Las elecciones del próximo 3 de noviembre podrían considerarse las más polémicas en los Estados Unidos en los últimos años, pues las denuncias de los republicanos de un posible fraude que no aceptaría la militancia de esa formación ni el propio presidente Trump, trae un elemento de conflicto que podría desembocar en la violencia, una reacción que no provocaron los resultados electorales cuestionados cuando Richard Nixon enfrentó a John Kennedy y Al Gore a George Bush.
El líder republicano, ante el temor a la derrota, busca blindaje alrededor de sus simpatizantes, los que se alzarían en protestas cuestionando el voto por correo y respaldando una posible decisión judicial que favorezca al presidente, cuestión que podría ocurrir debido a que el partido que lo sustenta ha venido cargando el sistema judicial de jueces conservadores que podrían repetir la decisión de la Corte Suprema que declaró ganador a Bush al negar el reconteo en la Florida.

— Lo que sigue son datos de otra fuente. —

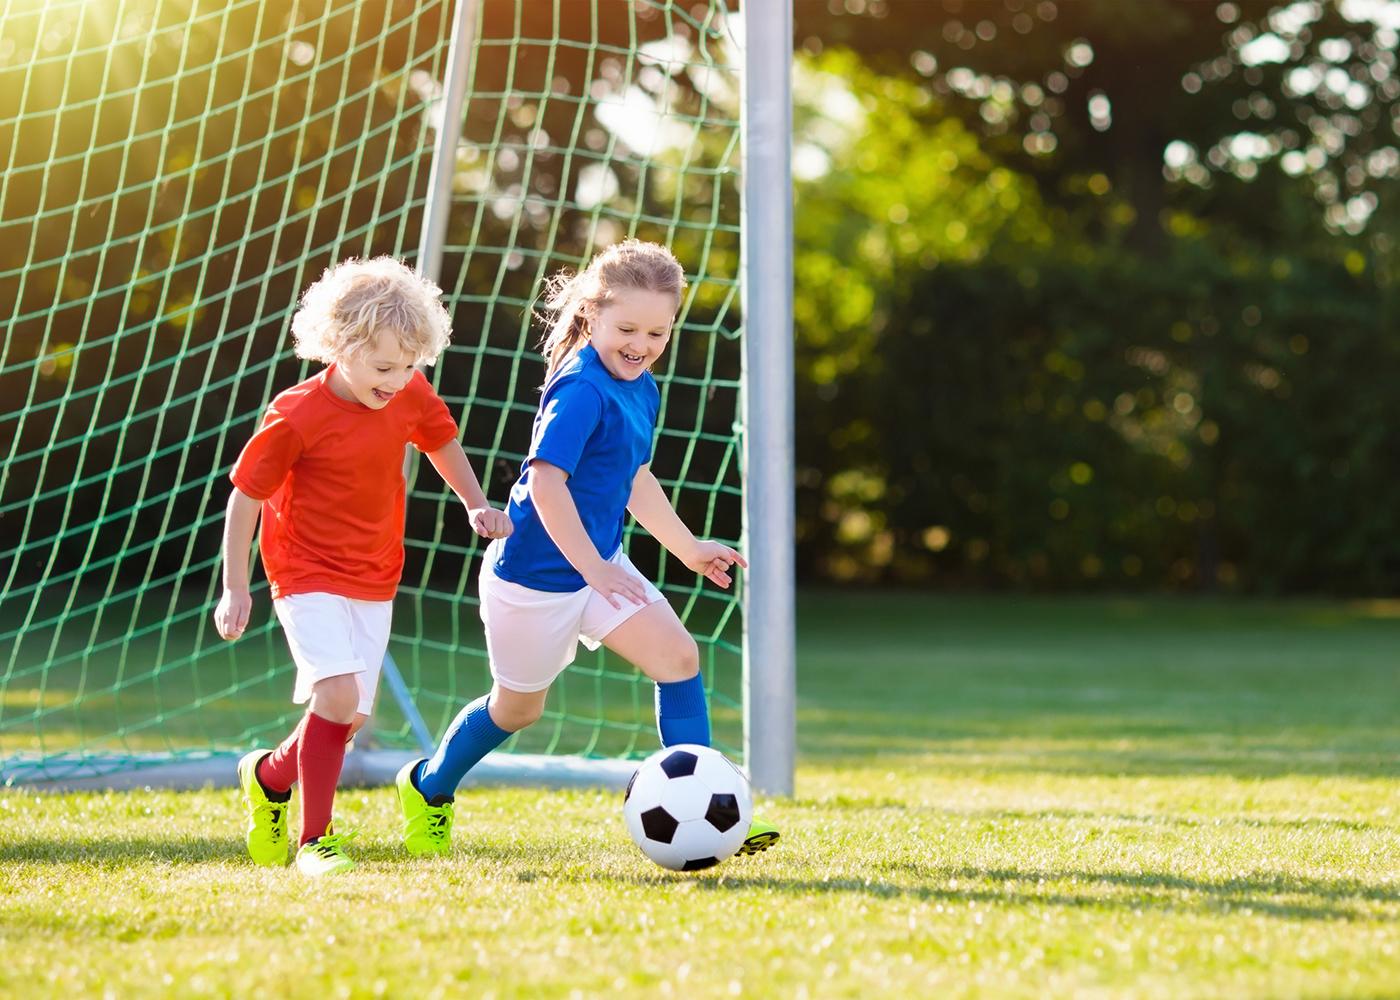 crianças a jogar futebol

Para nadie es un secreto que la Corte Suprema de EE.UU ha estado dividida por líneas ideológica que determinan sus decisiones. Fue esa composición que selló la suerte de Bush y de Gore. Sus integrantes eran William Rehnquist, su presidente, nombrado por el republicano Richard Nixon; Sandra Day O’ Connor, Antonin Scalia y Antthony Kennedy, designados por el también republicano Ronald Reagan; Clarence Thomas y David Soutar, colocados por George Bush y Stephen Breyer, integrante de la entidad judicial por una decisión del presidente demócrata Bill Clinton.
La diferencia de la actual coyuntura con los escenarios presentados en las contiendas de dudosos resultados electorales entre Kennedy y Nixon, y Gore y Bush, está en el hecho de que los candidatos desfavorecidos no amenazaron con desconocer el resultado ni lo hicieron; en el primer caso porque Estados Unidos era una unidad que aún respondía a una identidad marcada por el dominio cultural del anglosajón protestante y una prosperidad económica que se derramaba con mayores niveles de justicia; y en el segundo, porque a pesar de los signos de deterioro de aquella identidad, la fractura y falta de cohesión social no eran tan marcadas y disruptivas como ahora.
El panorama, según la media de las encuestas, que no son sentencias pétreas, es que el exvicepresidente Joe Biden ganaría 357 colegios electorales y el presidente Donald Trump alcanzaría la suma de 181 de los 538 que componen el sistema de votación delegada. Pero además las proyecciones de las mediciones indican que el voto popular se inclinaría en favor del candidato demócrata, con lo que obtendría un nivel de legitimidad no alcanzado por el actual mandatario que obtuvo tres millones de votos menos que Hillary Clinton o la de Bush que ocupó la presidencia del país a pesar de que a Gore le votó una mayor cantidad de electores.
Estas mediciones son el reflejo de una gestión presidencial signada por un desastroso manejo de la pandemia que convirtió a los Estados Unidos en epicentro de la enfermedad; son el reflejo de un discurso de odio contra las minorías, de desprecio racial, de medidas económicas que favorecen al gran capital expresado en el desmonte de todo lo público, lo que ha conducido al país hacia la profundización de las desigualdades económicas y sociales; son el reflejo del irrespeto a las instituciones, lo que, de a poco, le va dando un talante tercermundista a esa poderosa nación. Pero nada en política es seguro, sobre todo en un mundo con electores que se mueven de acuerdo a percepciones creadas y no a necesidades reales.